There is a great quote, which I’ve never been able to find attributed anywhere (if you can find it, let me know, as I cannot recall when/where I heard it). “The song of the soul that cries can only be heard by one’s soul who has already cried.” I tell my chaplaincy students, this is the crux of why we explore their own pain, so they can more fully sit with others in their pain. Cave has explored his own pain and is now able to sit with others in theirs.
In both instances, not only did these two singers find their music changed by loss, but also found a new purpose afterwards to create in different ways. This is what grief does - it changes us irrevocably and influences all aspects of our lives.
Kübler-Ross writes, “The reality is that you will grieve forever. You will not ‘get over’ the loss of a loved one; you will learn to live with it. You will heal and you will rebuild yourself around the loss you have suffered. You will be whole again but you will never be the same. Nor should you be the same, nor would you want to.”

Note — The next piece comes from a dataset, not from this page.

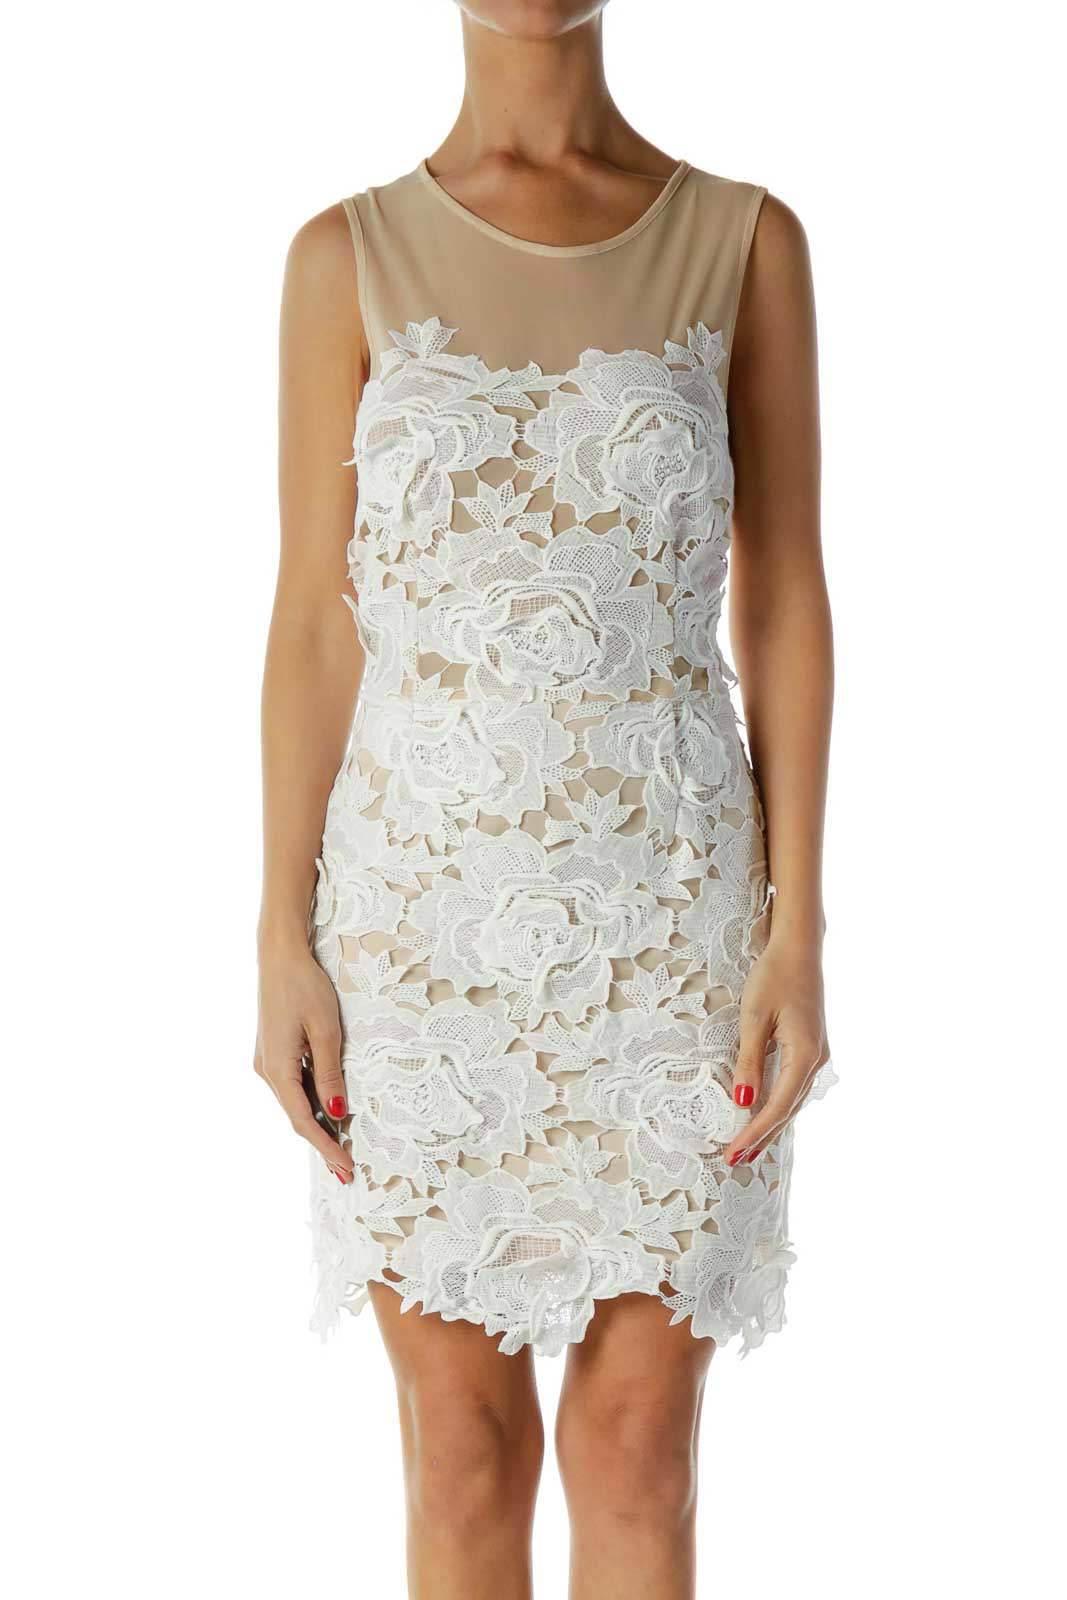 White Beige Lace Dress Front

How has grief changed you?
How have you rebuilt yourself?
How do you metabolize and process grief?
Cave and Etheridge were able to do so musically, which might be an option for you too.
Anyone who knows me, knows that I am not the least bit musical. Singing, playing guitar or piano is not going to be a cathartic spiritual practice for me. But it might be for you. Any artistic expression can help us process our own grief or any accompanying emotion. When I worked in a hospital with a music therapy program, I would occasionally work in tandem with the musical therapists. It was such a revelation how healing music can be for the patients in such a sterile, clinical environment.
Even if you are not the one making the music, the very act of listening to music can transport us somewhere sacred. It can elevate us out of the hospital room or our daily lives.
How very true 💜
I followed Victoria to this post of yours. As part of a support group for military survivors, I realized that the requirement for a peer mentor to be at least a year out in their grief journey was so important. I felt so drawn to assisting others, yet being a year and a half out I knew instinctively I was not in the correct space yet to do so. You so clearly stated my problem “I tell my chaplaincy students, this is the crux of why we explore their own pain, so they can more fully sit with others in their pain. Cave has explored his own pain and is now able to sit with others in theirs.”